We all have two sets of ears (and two sets of eyes). One set is for the natural and one for the spiritual. For your spiritual ears to have the ability to hear, your spiritual heart must be receptive to God. People who are rebellious towards God are lacking the ability to hear with their ears:
Son of man, you are living among a rebellious people. They have eyes to see but do not see and ears to hear but do not hear, for they are a rebellious people. (Ezek 12:2)
Jesus sometimes used the same phrase when giving teachings. Besides citing such when declaring the Parable of the Sower, the Lord Jesus also used it in conjunction with salt losing its saltiness:
Salt is good, but if it loses its saltiness, how can it be made salty again? It is fit neither for the soil nor for the manure pile; it is thrown out. He who has ears to hear, let him hear. (Luke 14:34,35)

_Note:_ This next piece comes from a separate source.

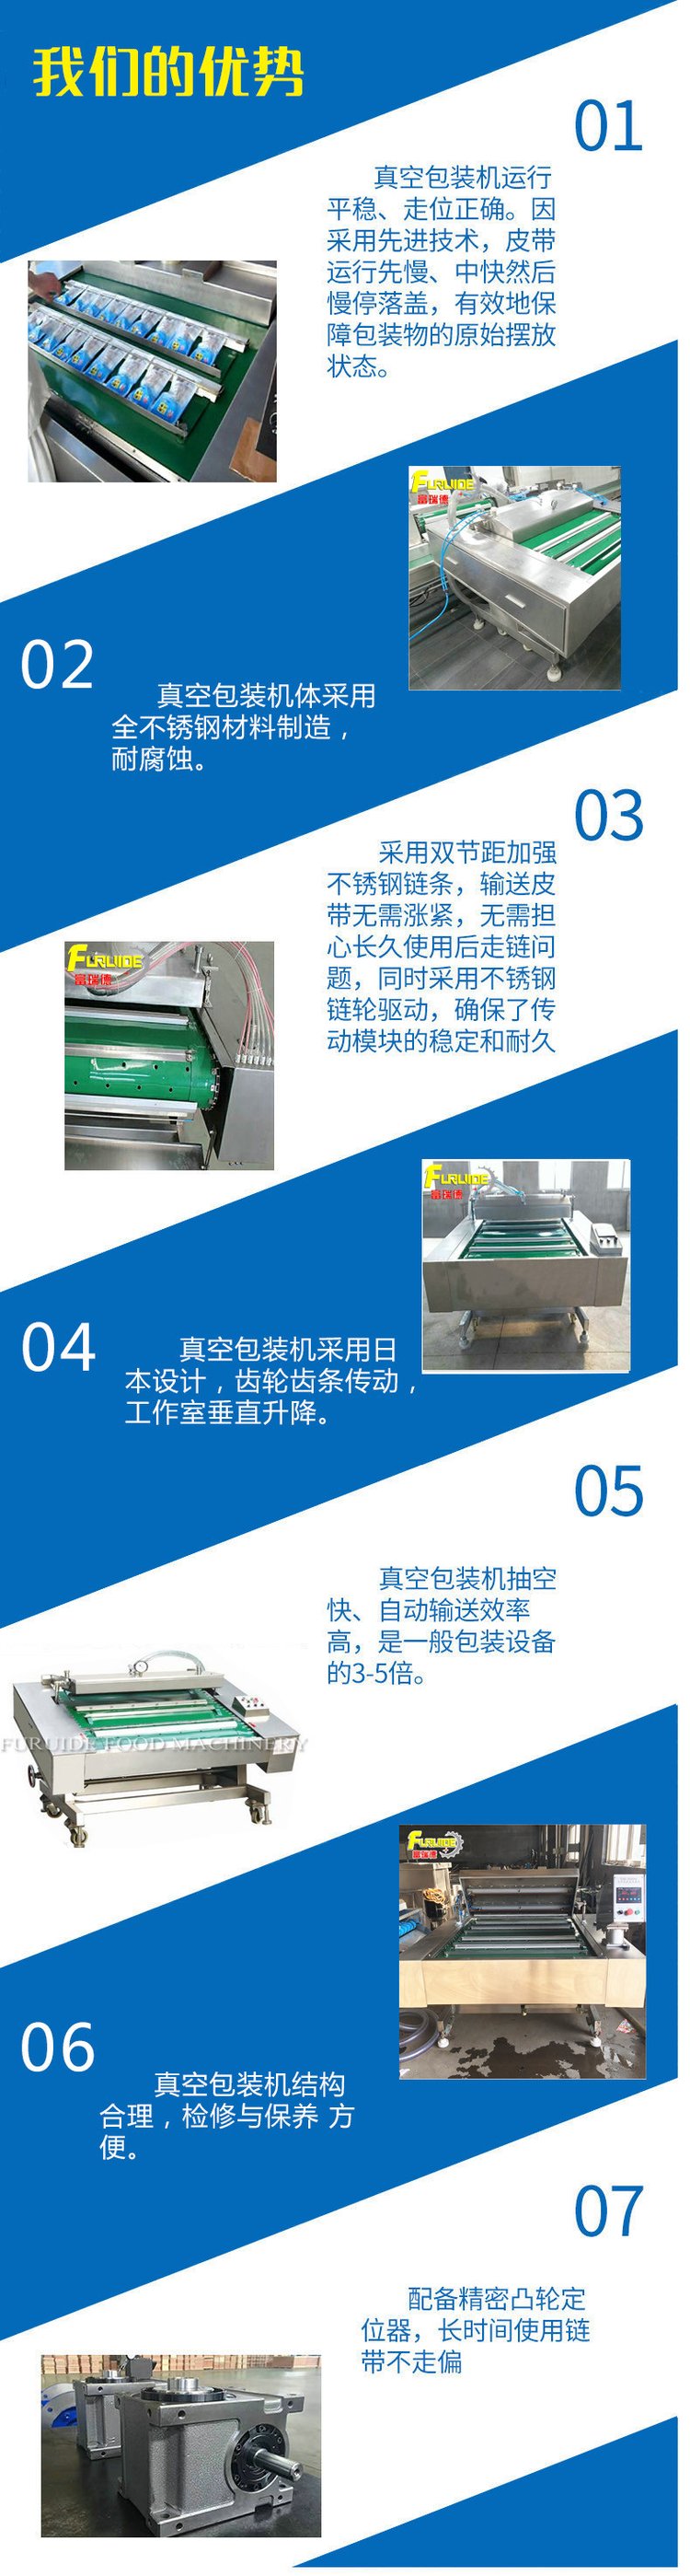 Beef granule tensile film packaging equipment Dongdu multi-function vacuum sealing machine Continuous braised duck neck packaging machine

To be more precise, the Lord Jesus alone used the phrase about ears to hear and mentioned it 7 times in Revelation 2 and 3, one time with each of the 7 churches in Asia (Rev 2:7,11,17,29; 3:6,13,22). Jesus taught both the child of God and the child of the devil. Some of the lost wisely changed, while others rejected the words of eternal life (John 6:68). Though Jesus did everything perfectly, he still witnessed to both types of lost people, who in the end would die in their sins—
- those who would never get saved and
- those who would come to eternal life, later would backslide to their spiritual death and die in that condition.
Jesus set the example that we Christians should follow regarding personal evangelism. Everyone should be witnessed to! That is true Spirit led evangelism, even though most might flatly reject the truth and persecute the preacher, as happened to the Lord. We are also to warn the righteous and the wicked. These are basic evangelism truths, yet many professing Christians are opposed to them. Could it be that such people don’t have ears to hear and are spiritually deaf?